What conditions does trial NCT06724172 study?
This clinical trial studies the following conditions: Diabetes, Pregnancy, Chronic Disease, Obesity and Overweight, Nutrition. These conditions were identified from the trial registry and reflect the primary focus areas of the research.
What interventions are being tested in trial NCT06724172?
The interventions under investigation include: Self-Management (BEHAVIORAL), Community-Based (BEHAVIORAL). Each intervention is being evaluated for safety and efficacy as part of this clinical study.
Who is sponsoring clinical trial NCT06724172?
This trial is sponsored by Stanford University, which has 1,643 total clinical trials registered on ClinicalTrials.gov. The sponsor is responsible for the study's design, funding, and regulatory compliance.
Where is trial NCT06724172 being conducted?
This trial has 4 study locations across California, New York. Contact the study sites directly through ClinicalTrials.gov for enrollment availability.
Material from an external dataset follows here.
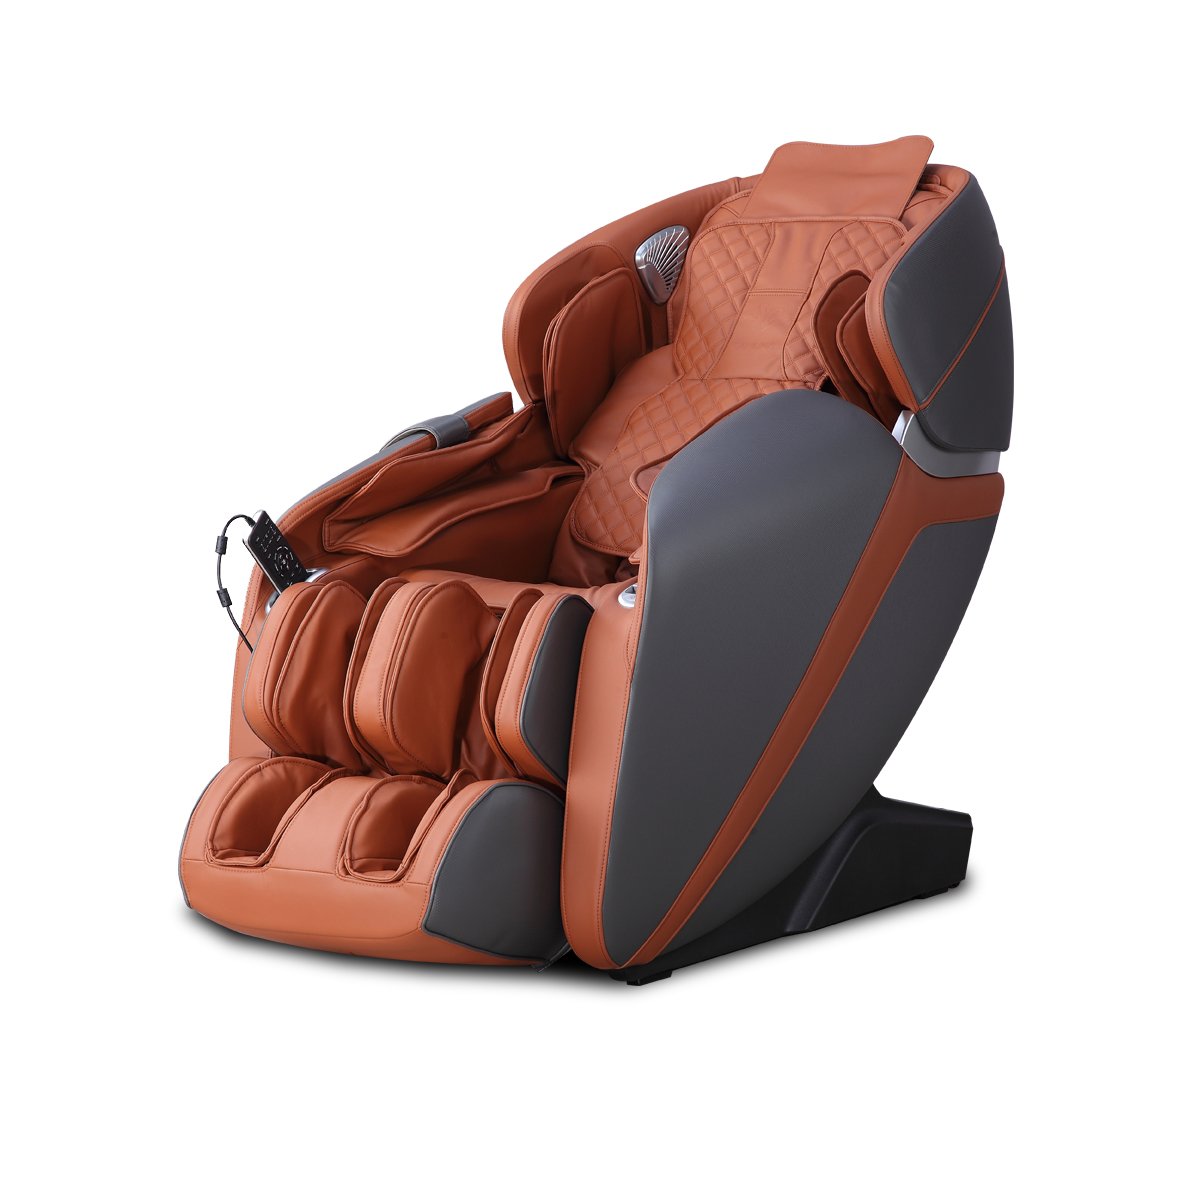 Kahuna LM7000 massage chair orange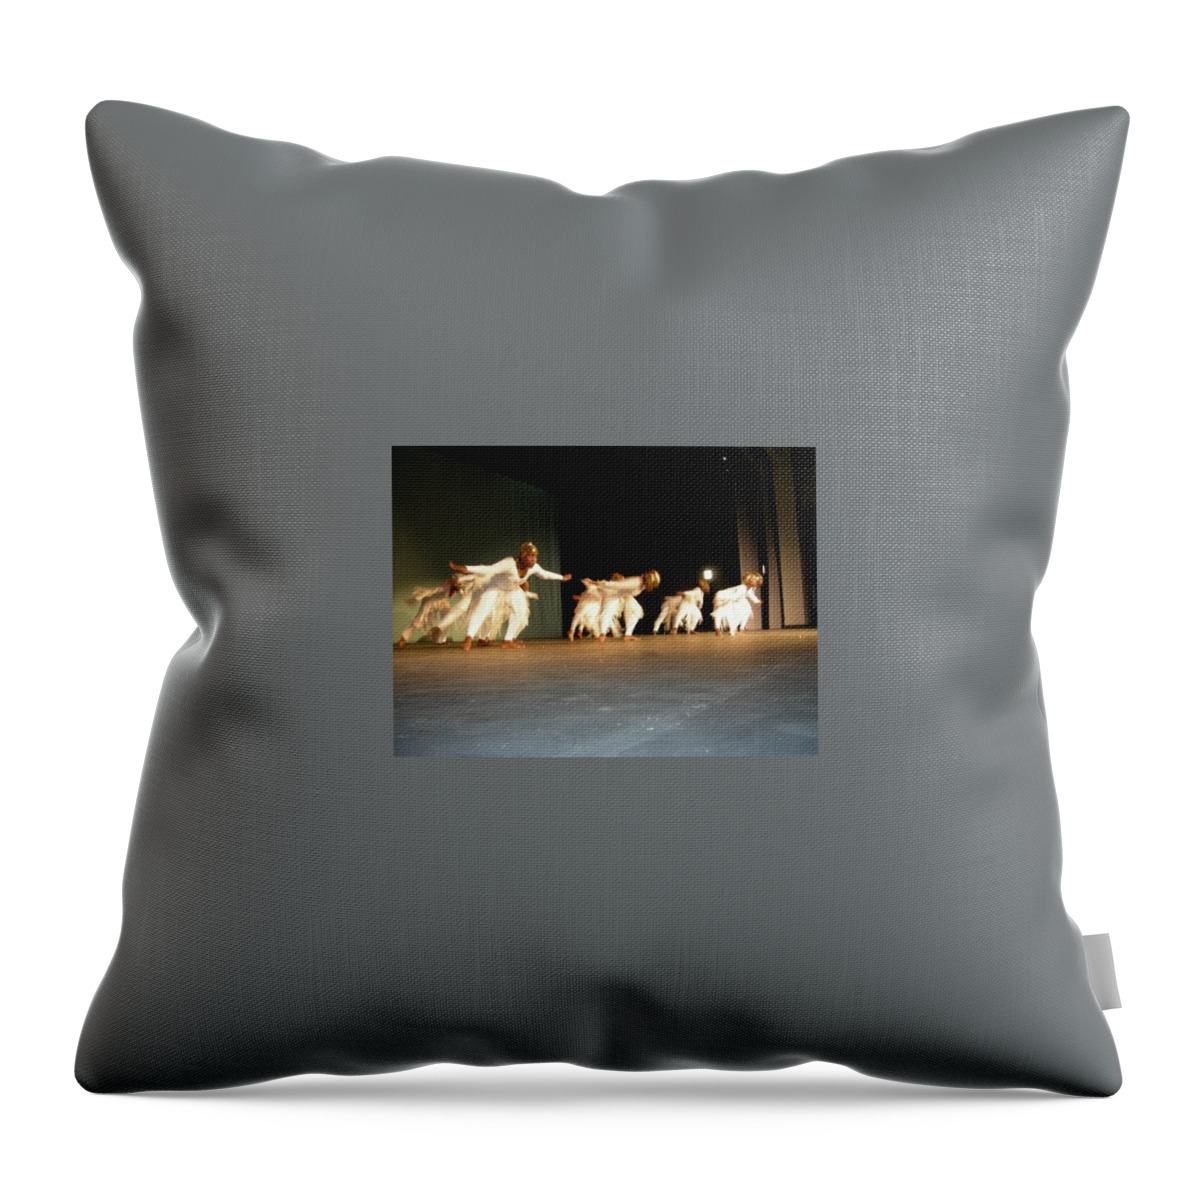  Throw Pillow featuring the photograph Saintee 3 by Trevor A Smith

Learn More About Clinical Trials
How Clinical Trials Work
Understand phases 1-4, trial design, randomization, and the informed consent process.
Patient Rights in Clinical Trials
Your rights as a participant: consent, withdrawal, privacy, and who to contact.
Finding the Right Clinical Trial
A practical guide to searching trials, understanding eligibility, and evaluating options.
All Guides
Browse our complete library of clinical trial educational resources.
Read our methodology — how this data is sourced, computed, and verified.